━━━━━ THE DATA ━━━━━

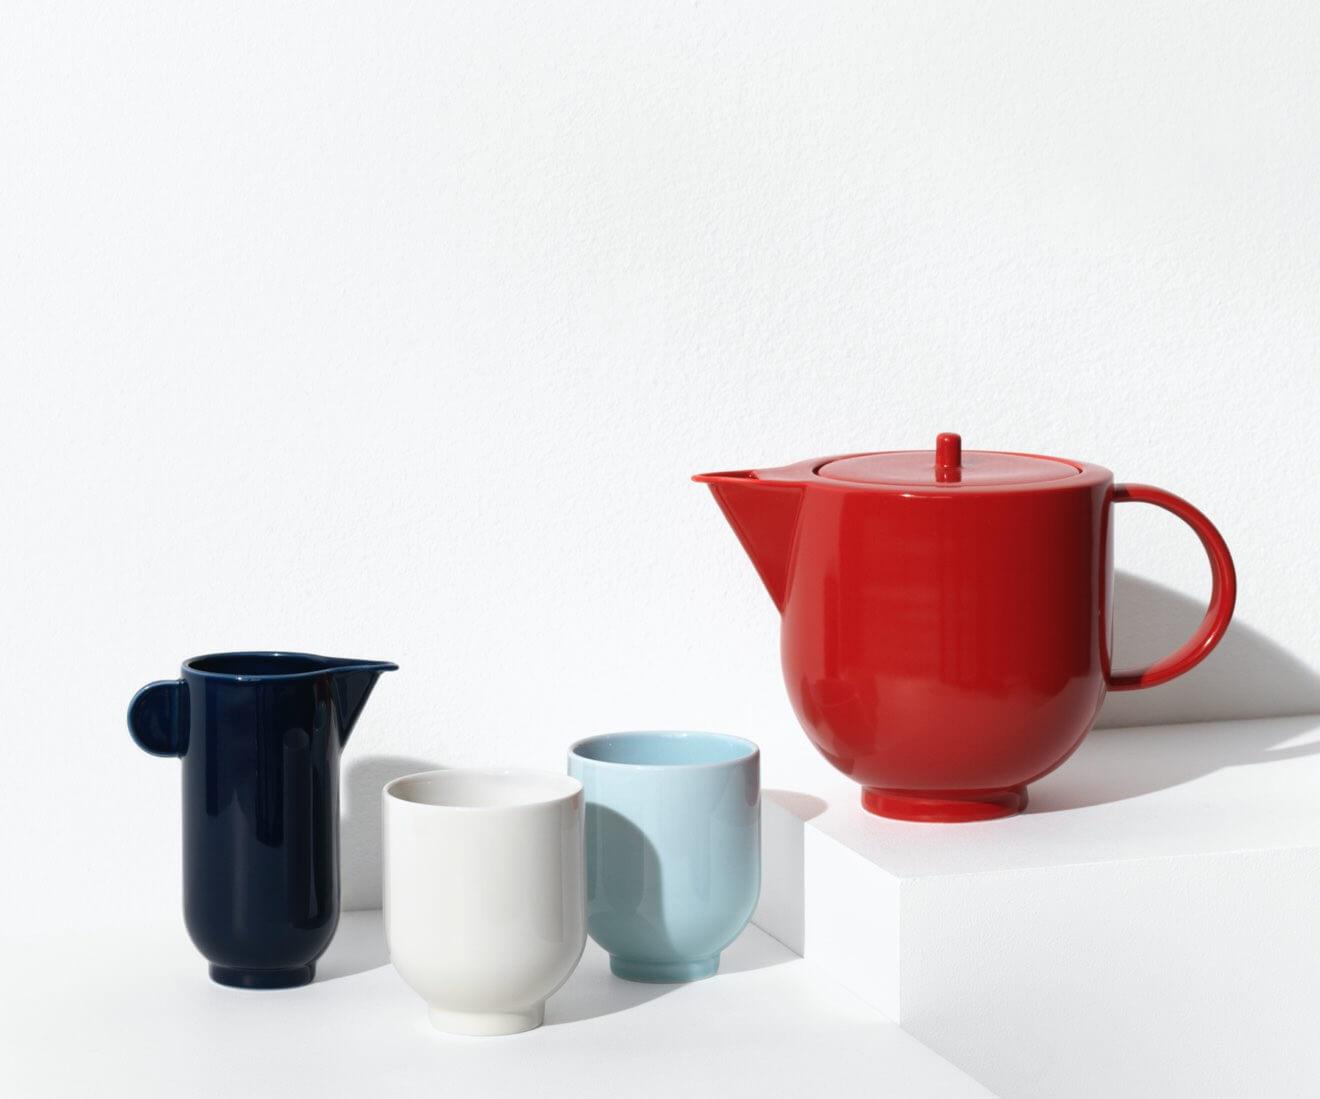 Motarasu Products - Yoko tea pot in red, pitcher in blue, Light blue and white mug by Stilleben
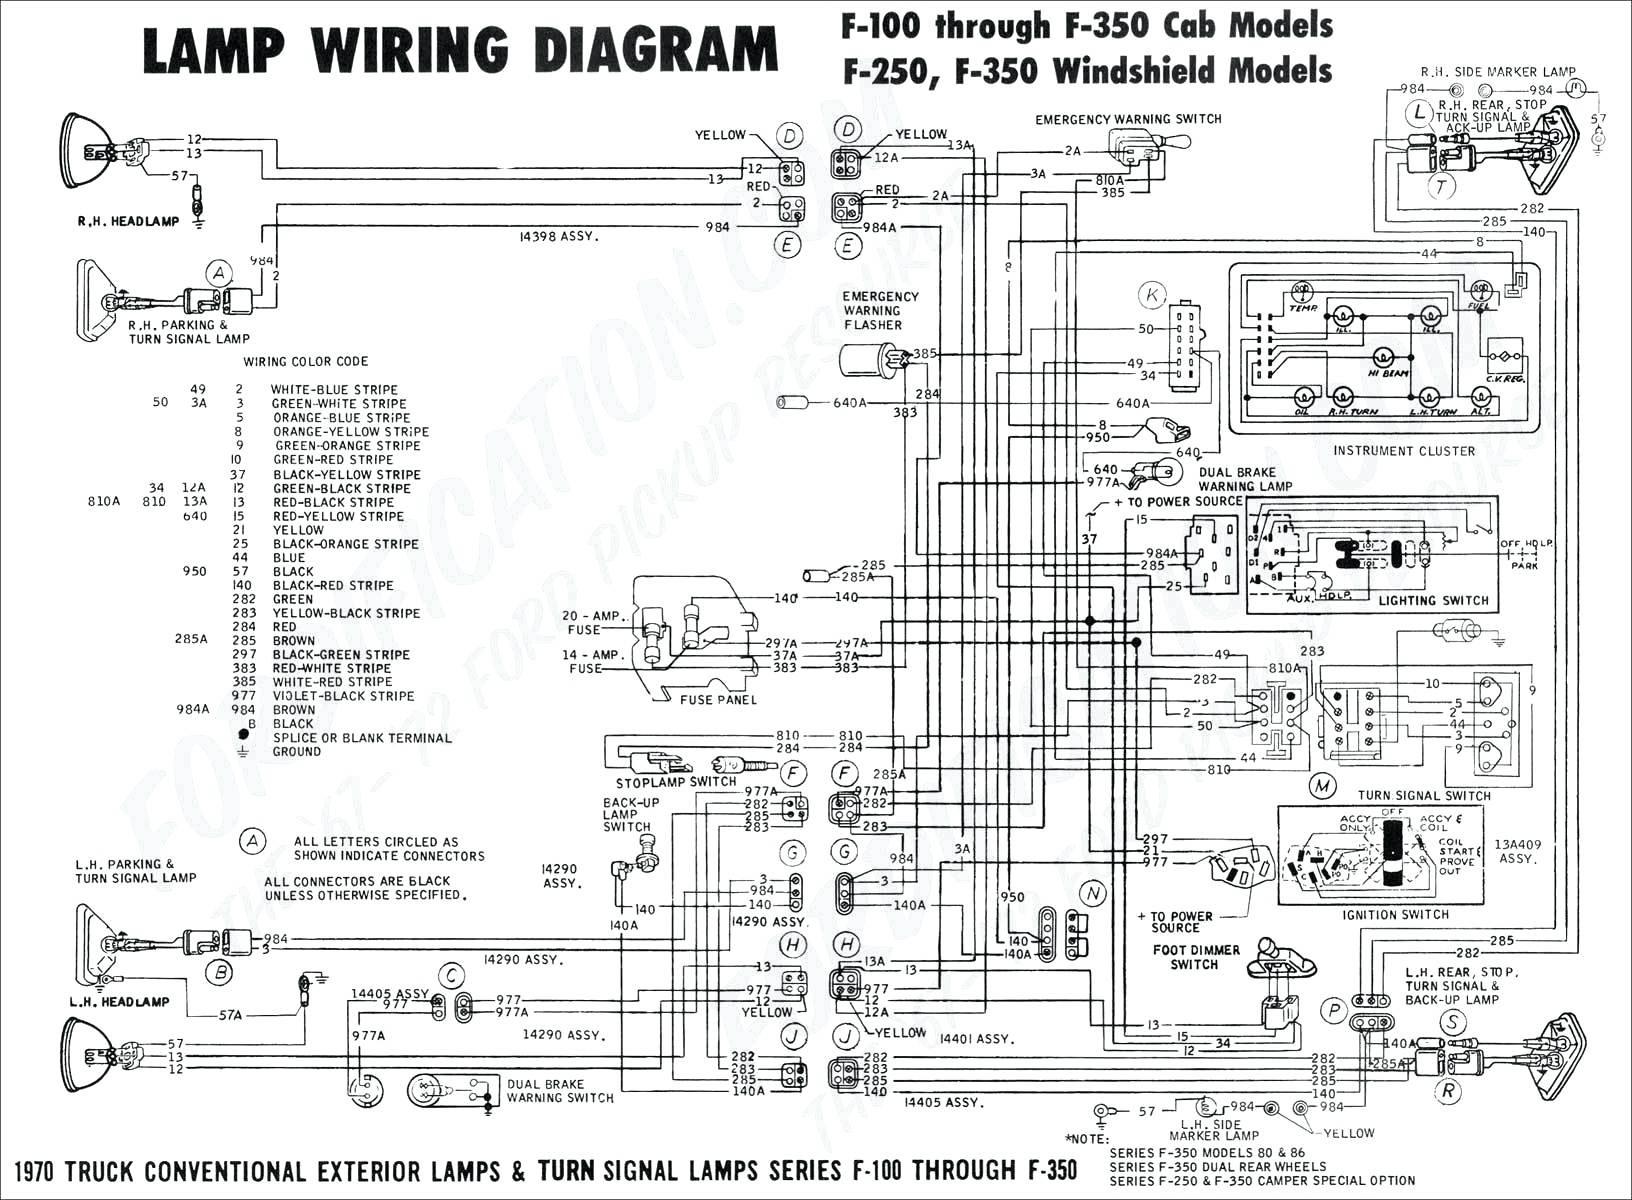 Wiring Diagram for 7 Wire Trailer Plug 450 Fuse Box Diagram Moreover 7 Wire Trailer Wiring Diagram as Of Wiring Diagram for 7 Wire Trailer Plug
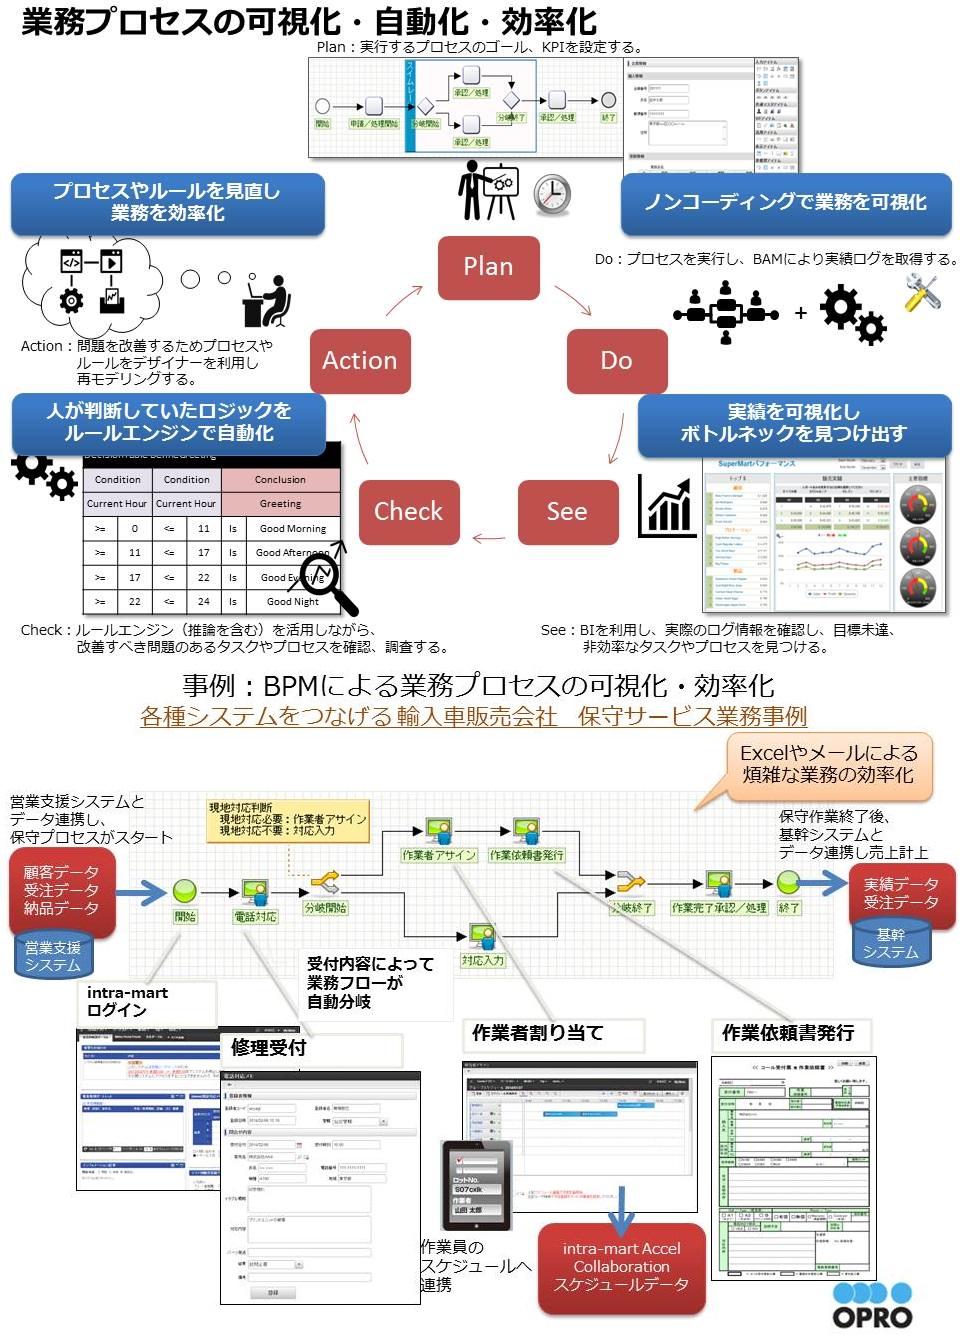 BPM/ワークフロー統合ツール「IM-BIS」

━━━━━

Would you copy all of the data exactly? Keep the pictures out of it.

 Motarasu Products - Yoko tea pot in red, pitcher in blue, Light blue and white mug by Stilleben
 Wiring Diagram for 7 Wire Trailer Plug 450 Fuse Box Diagram Moreover 7 Wire Trailer Wiring Diagram as Of Wiring Diagram for 7 Wire Trailer Plug
 BPM/ワークフロー統合ツール「IM-BIS」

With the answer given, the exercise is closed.